Department of Electrical Engineering, Stanford University, Stanford, CA 94305;
Department of History, Stanford University, Stanford, CA 94305.
Proc Natl Acad Sci U S A. 2018 Apr 17;115(16):E3635-E3644. doi: 10.1073/pnas.1720347115. Epub 2018 Apr 3.

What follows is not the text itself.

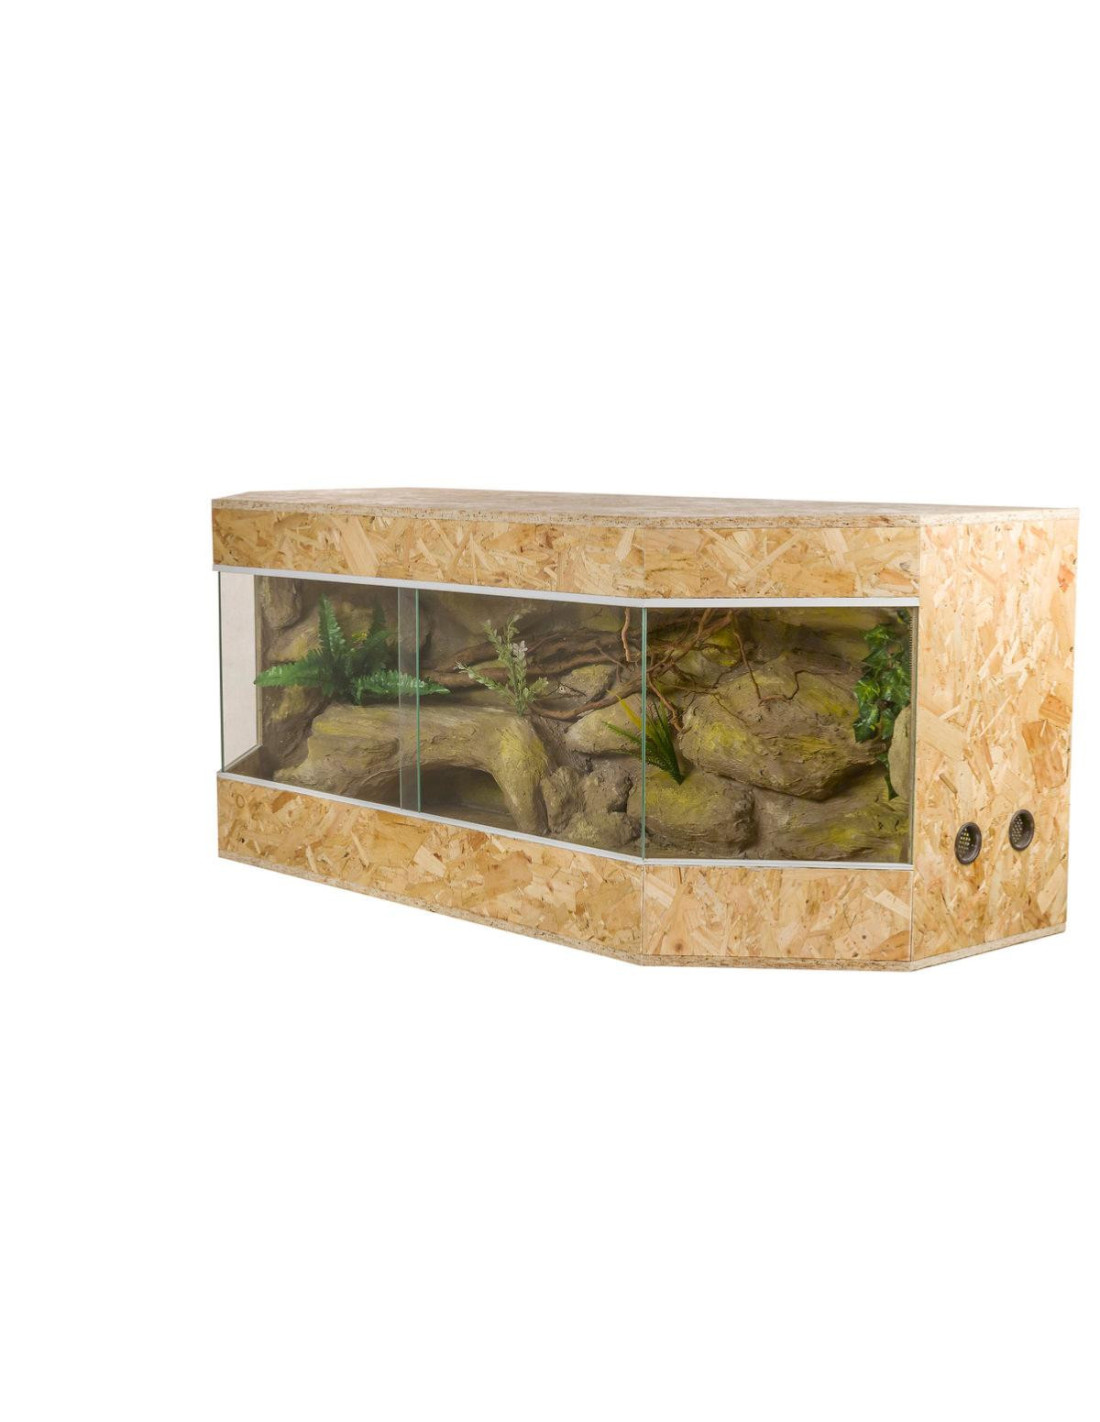 Mangeoire en plastique pour amphibiens et reptiles, terrarium pour

Word embeddings are a powerful machine-learning framework that represents each English word by a vector. The geometric relationship between these vectors captures meaningful semantic relationships between the corresponding words. In this paper, we develop a framework to demonstrate how the temporal dynamics of the embedding helps to quantify changes in stereotypes and attitudes toward women and ethnic minorities in the 20th and 21st centuries in the United States. We integrate word embeddings trained on 100 y of text data with the US Census to show that changes in the embedding track closely with demographic and occupation shifts over time. The embedding captures societal shifts-e.g., the women's movement in the 1960s and Asian immigration into the United States-and also illuminates how specific adjectives and occupations became more closely associated with certain populations over time. Our framework for temporal analysis of word embedding opens up a fruitful intersection between machine learning and quantitative social science.
词嵌入是一种强大的机器学习框架,通过向量来表示每个英文单词。这些向量之间的几何关系捕捉到了相应单词之间有意义的语义关系。在本文中,我们开发了一个框架,展示了词嵌入的时间动态如何帮助量化 20 世纪和 21 世纪美国对女性和少数族裔的刻板印象和态度的变化。我们将经过 100 年文本数据训练的词嵌入与美国人口普查数据相结合,表明嵌入的变化与人口和职业随时间的变化密切相关。该嵌入捕捉到了社会变化,例如 20 世纪 60 年代的妇女运动和美国的亚洲移民,也揭示了随着时间的推移,特定形容词和职业是如何与特定人群更紧密地联系在一起的。我们的词嵌入时间分析框架为机器学习和定量社会科学之间的交叉研究开辟了一条富有成果的道路。